Material provided:

==========

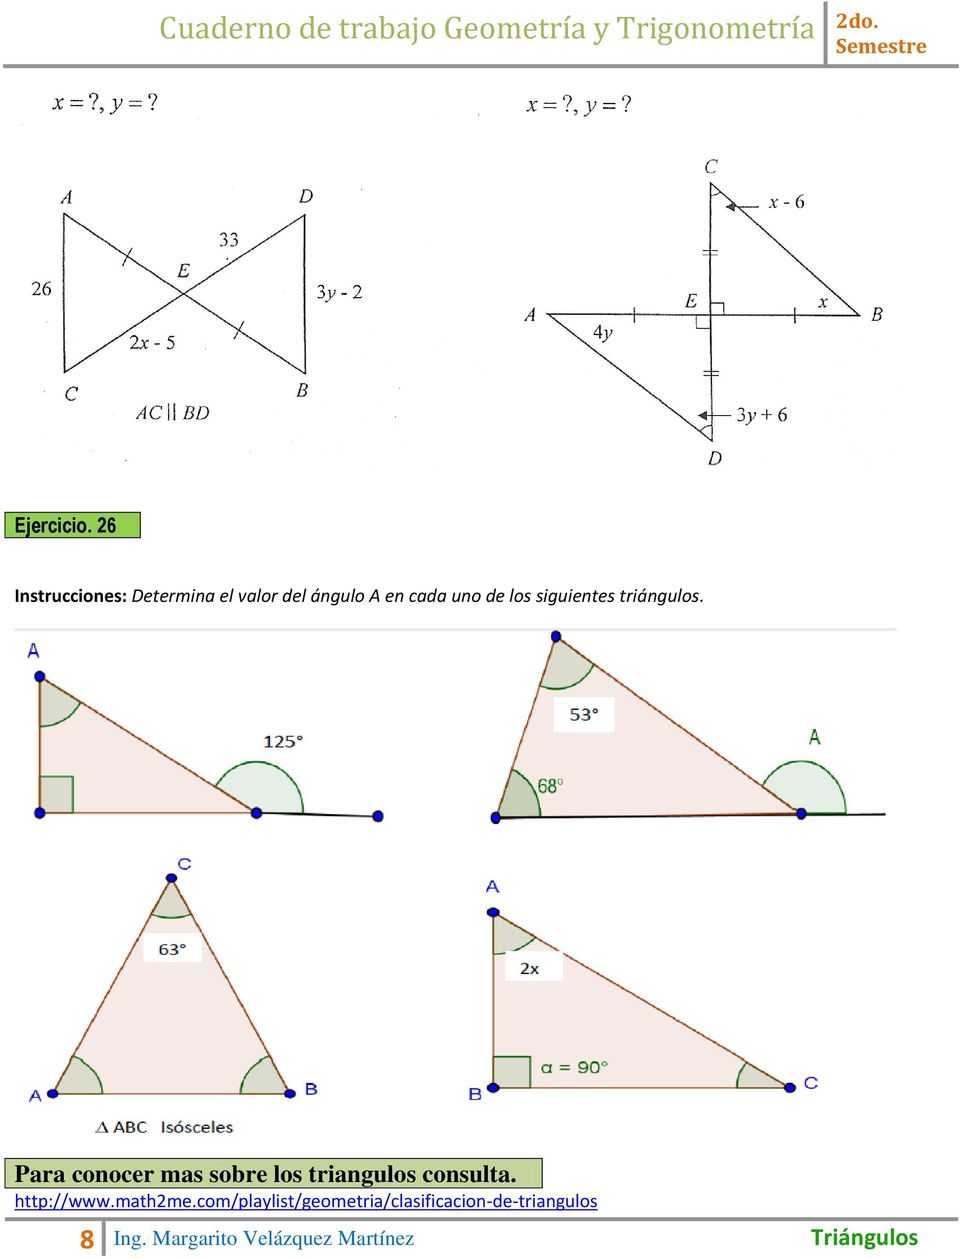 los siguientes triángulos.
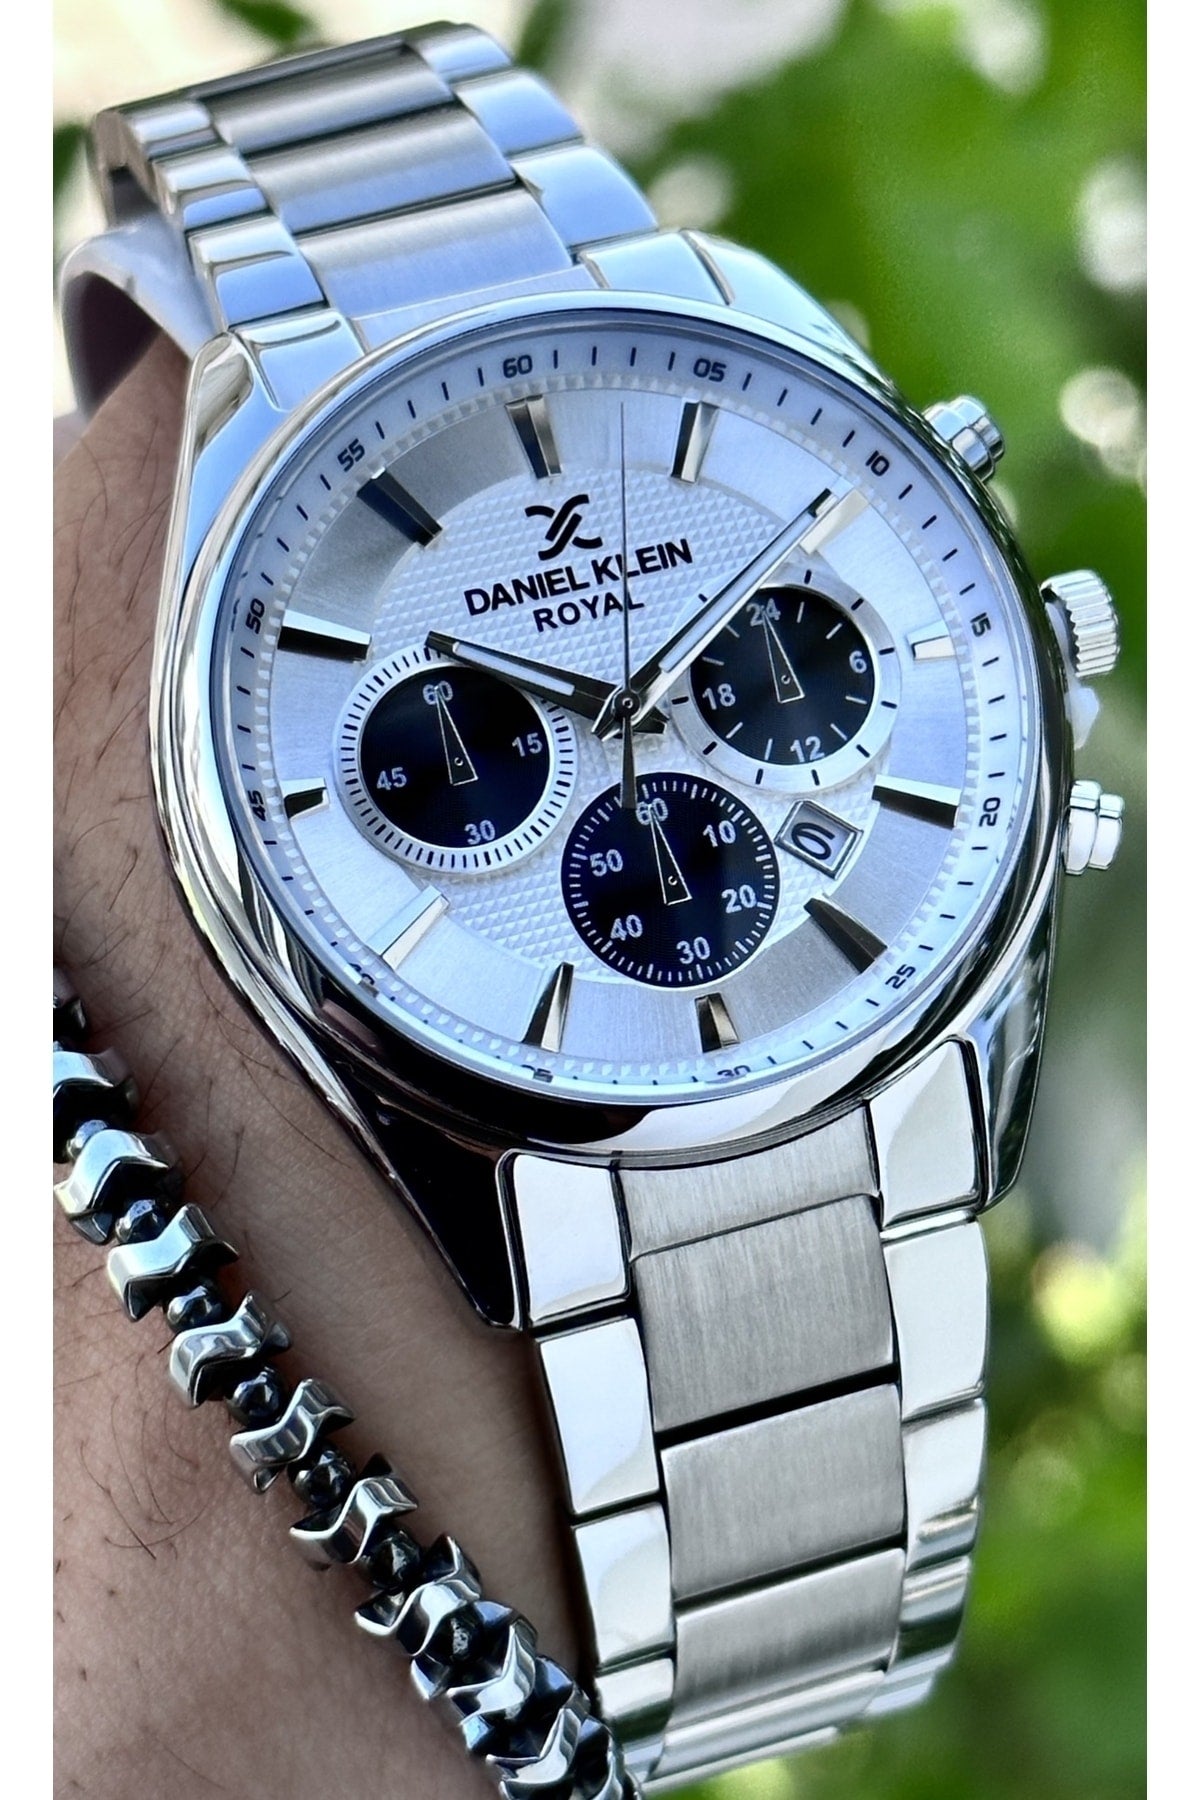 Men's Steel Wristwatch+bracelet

==========

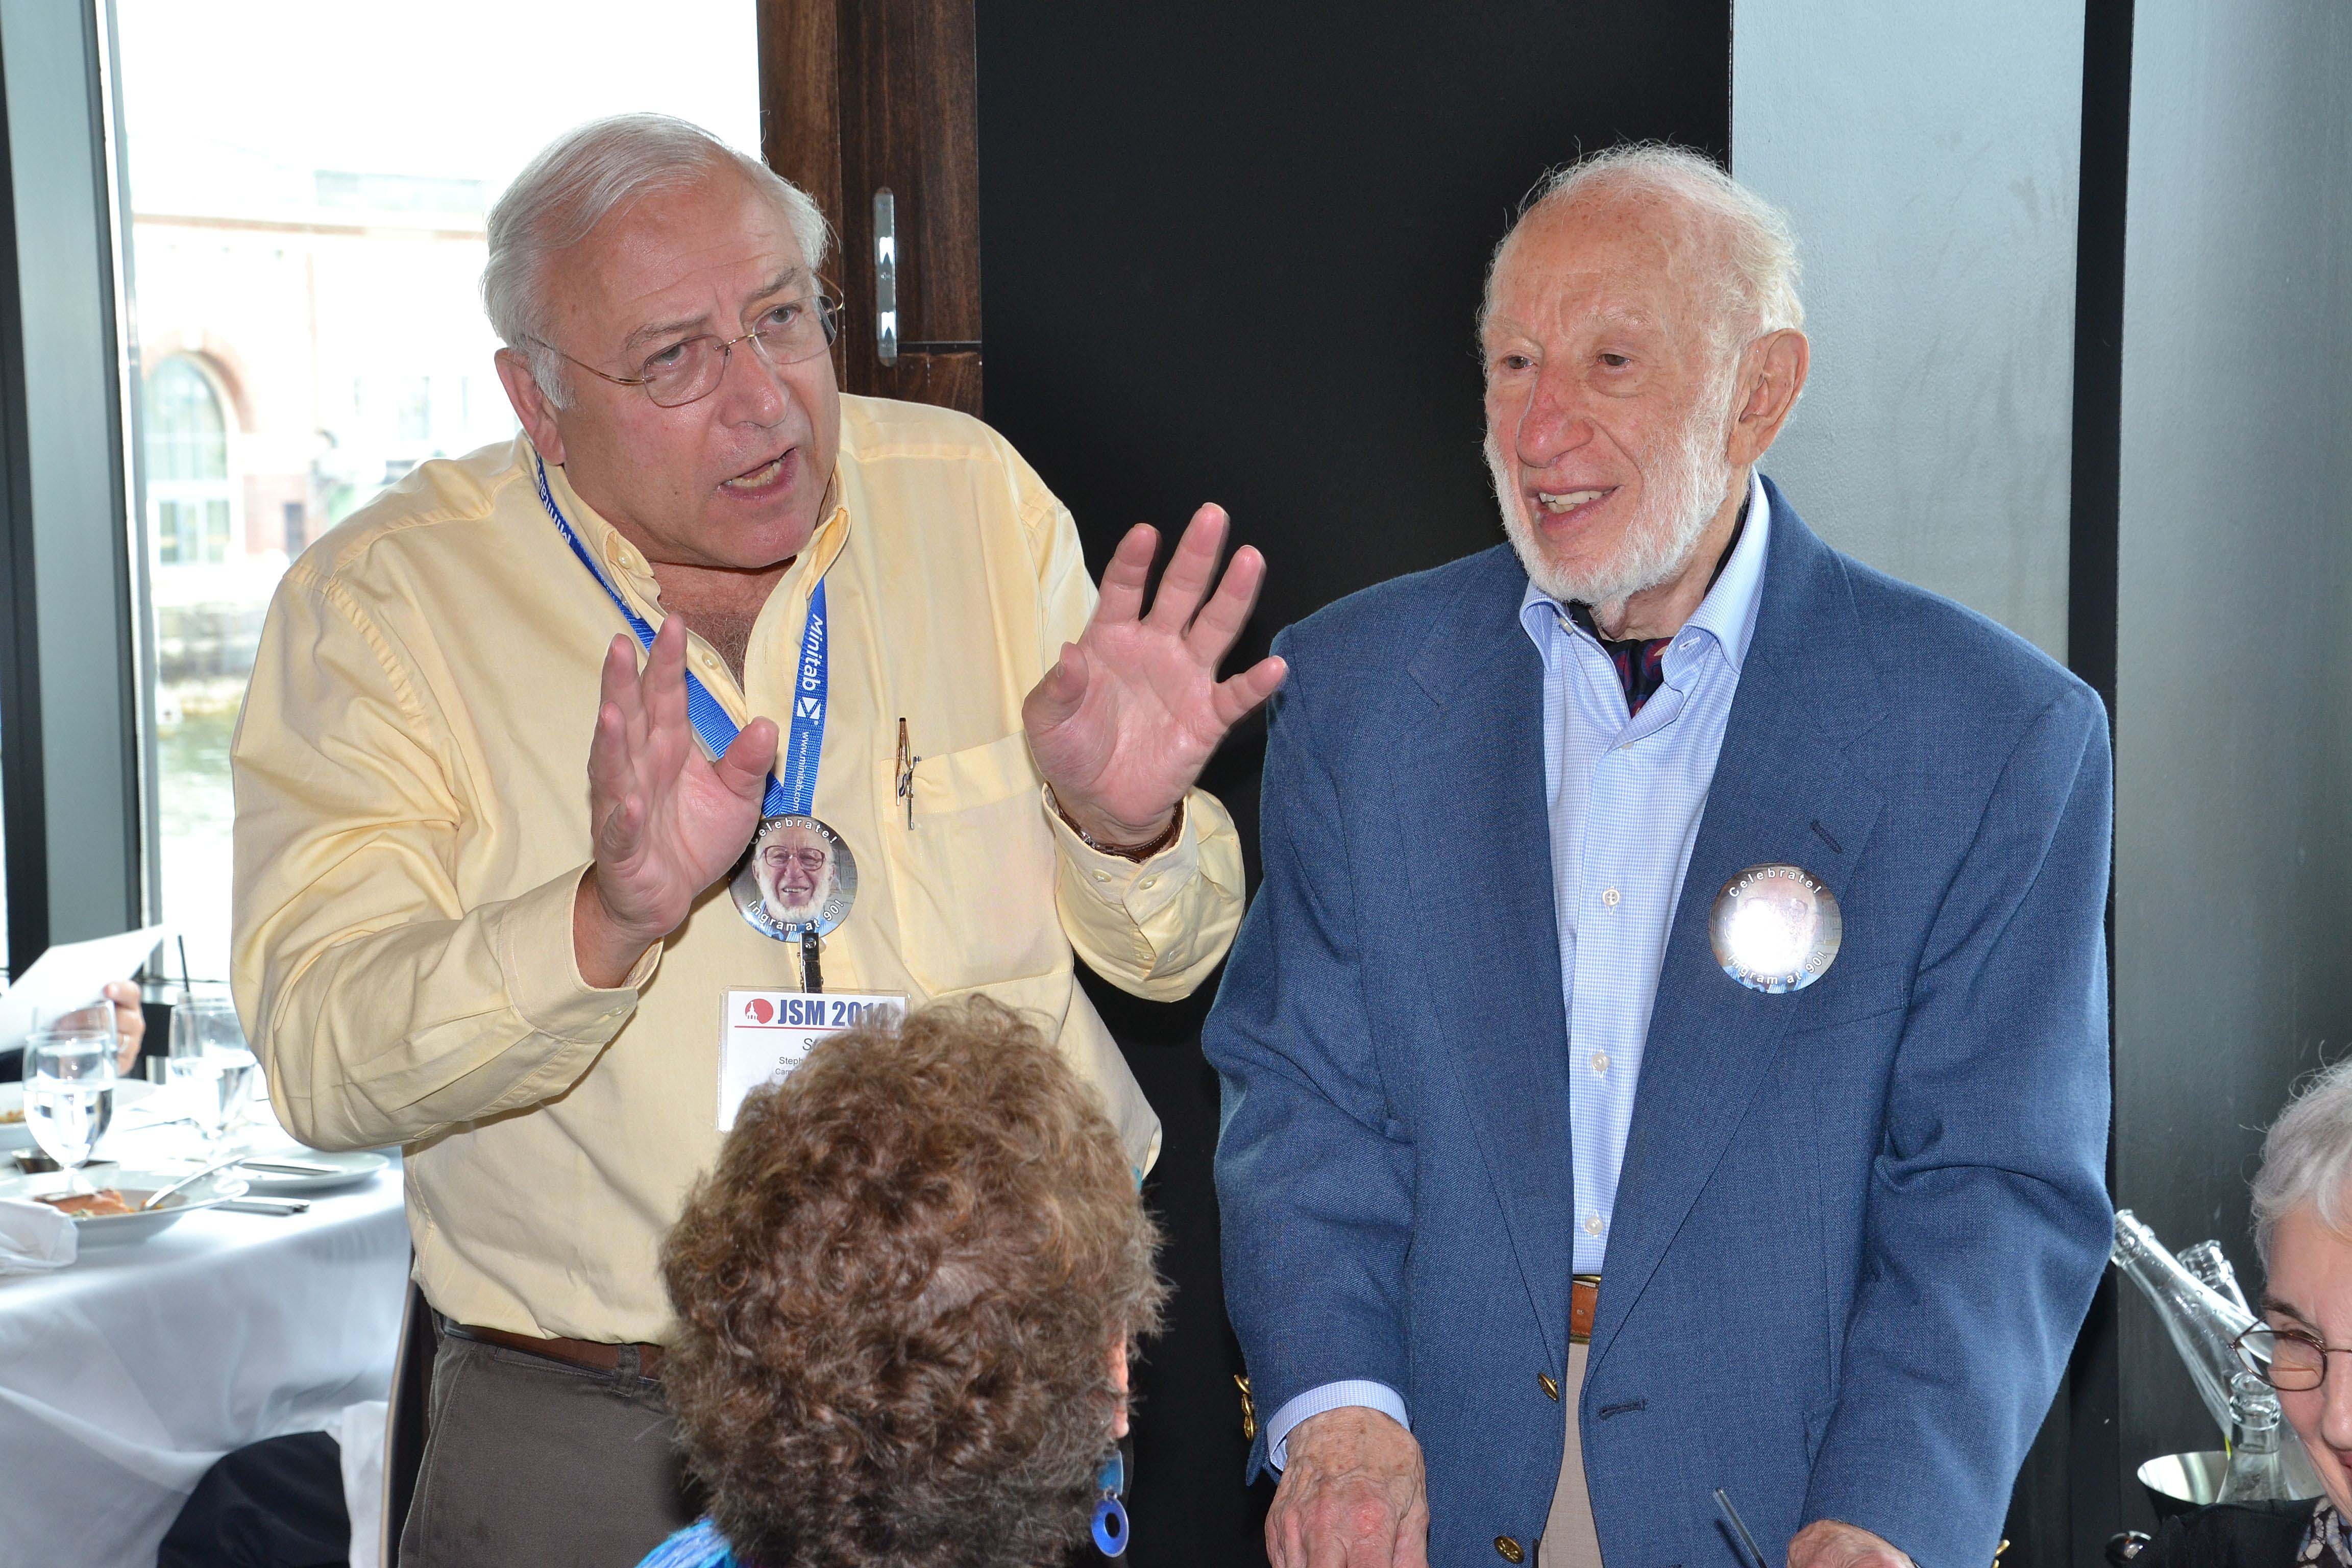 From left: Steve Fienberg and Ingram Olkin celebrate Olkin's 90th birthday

==========

Work request:
Using the records above, repeat exactly the run of lines that starts with the line with "los siguientes triángulos." and goes on through the line with "Men's Steel Wristwatch+bracelet"; omit each picture.

Written solution:
 los siguientes triángulos.
 Men's Steel Wristwatch+bracelet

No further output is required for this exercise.